Originally there were a total of 240 temples standing in Prambanan. The Prambanan Temple Compound consist of:
a. 3 Trimurti temples: three main temples dedicated to Shiva, Visnu, and Brahma
b. 3 Vahana temples: three temples in front of Trimurti temples dedicated to the vahana of each gods; Nandi, Garuda, and Hamsa
c. 2 Apit temples: two temples located between the rows of Trimurti and Vahana temples on north and south side
d. 4 Kelir temples: four small shrines located on 4 cardinal directions right beyond the 4 main gates of inner zone
e. 4 Patok temples: four small shrines located on 4 corners of inner zone
f. 224 Pervara temples: hundreds of temples arranged in 4 concentric square rows; numbers of temples from inner row to outer row are: 44, 52, 60, and 68
The Prambanan compound also known as Rara Jonggrang complex, named after the popular legend of Rara Jonggrang.

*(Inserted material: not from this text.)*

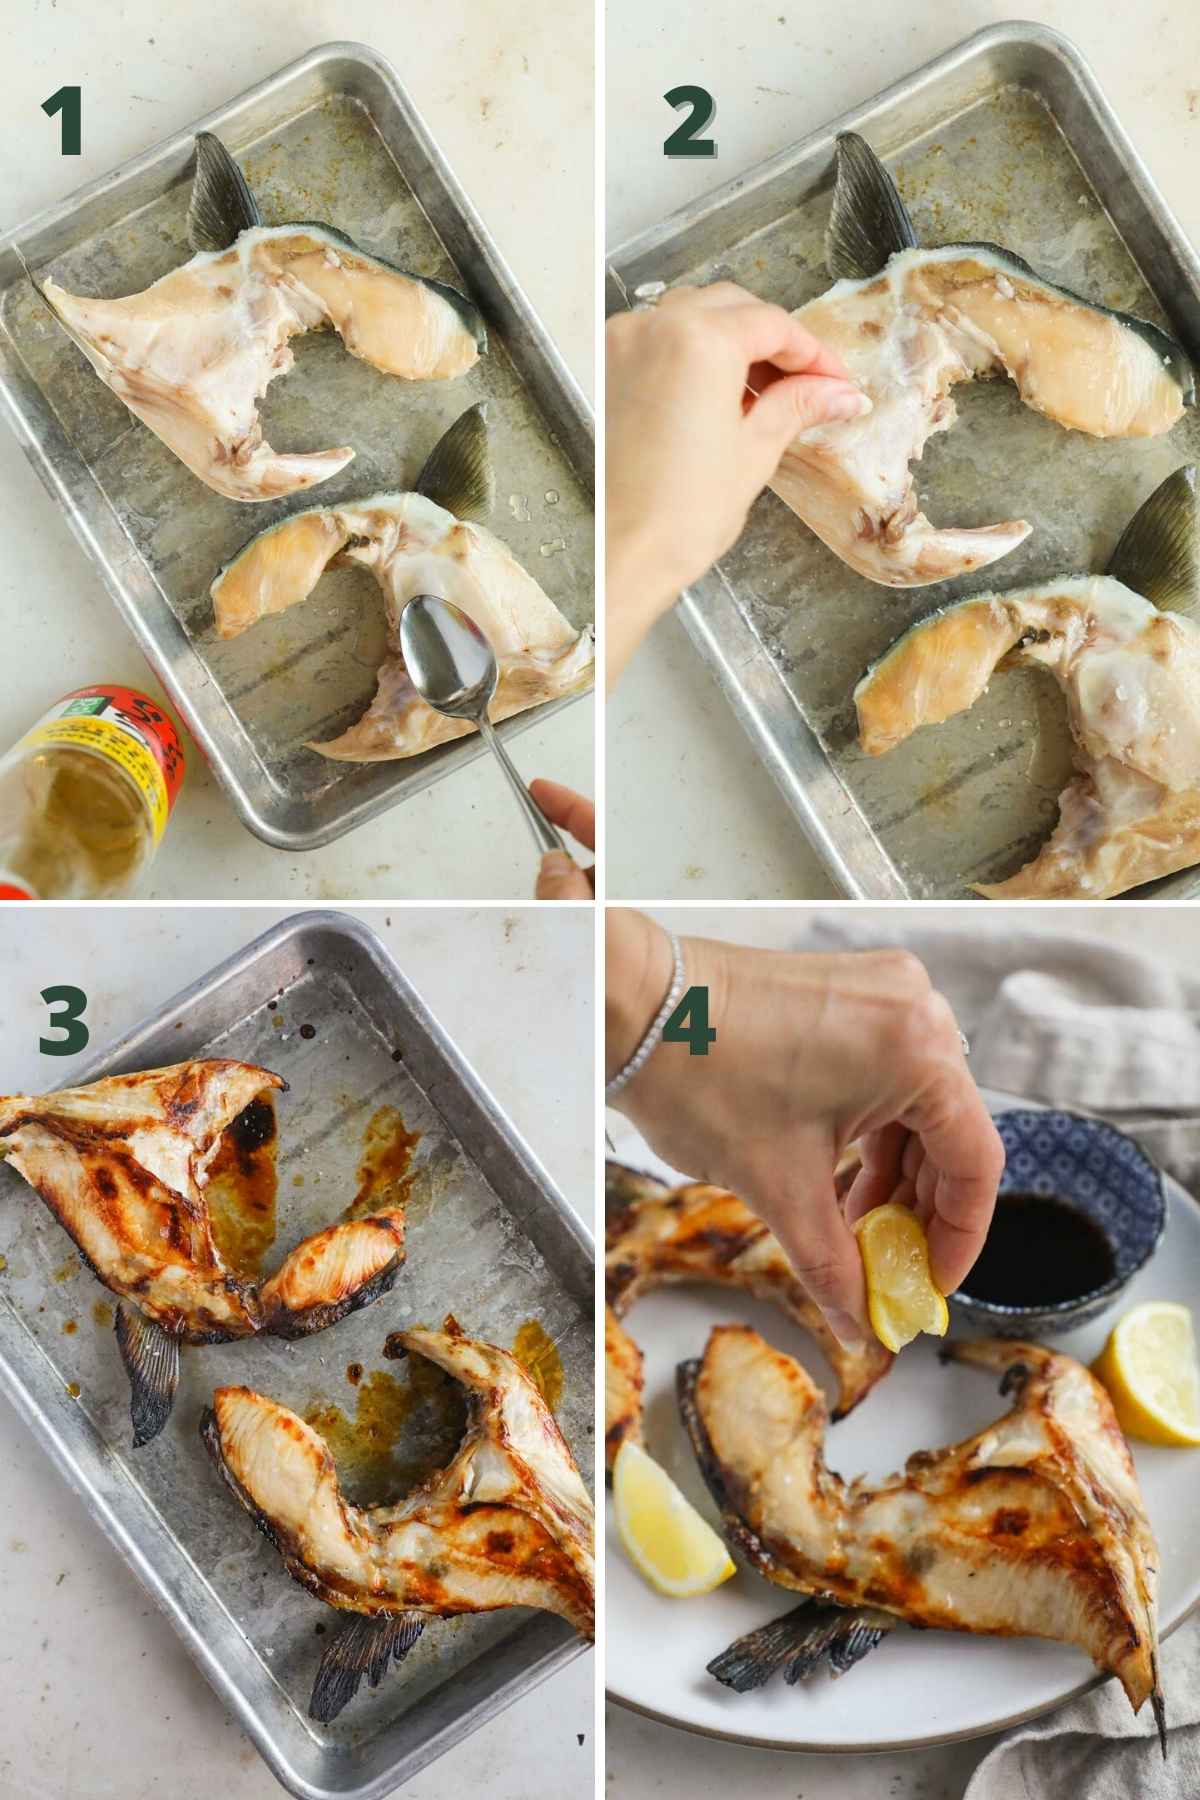 Steps to make hamachi kama, including placing the yellowtail collars on the sheet pan, rubbing with mirin, seasoning with sea salt, broiling, and serving with lemon juice, yuzu ponzu, or soy sauce.

There were once 240 temples stood in this Shivaite temple complex, either big or small. Today, all of 8 main temples and 8 small shrines in inner zone are reconstructed, but only 2 out of the original 224 pervara temples are renovated. The majority of them have deteriorated; what is left are only scattered stones. The Prambanan temple complex consists of three zones; first the outer zone, second the middle zone that contains hundreds of small temples, and third the holiest inner zone that contains eight main temples and eight small shrines.
The Hindu temple complex at Prambanan is based on a square plan that contains a total of three zone yards, each of which is surrounded by four walls pierced by four large gates. The outer zone is a large space marked by a rectangular wall. The outermost walled perimieter, which originally measured about 390 metres per side, was oriented in the northeast, southwest direction. However, except for its southern gate, not much else of this enclosure has survived down to the present. The original function is unknown; possibilities are that it was a sacred park, or priests’ boarding school (ashram). The supporting buildings for the temple complex were made from organic material; as a consequence no remains occur.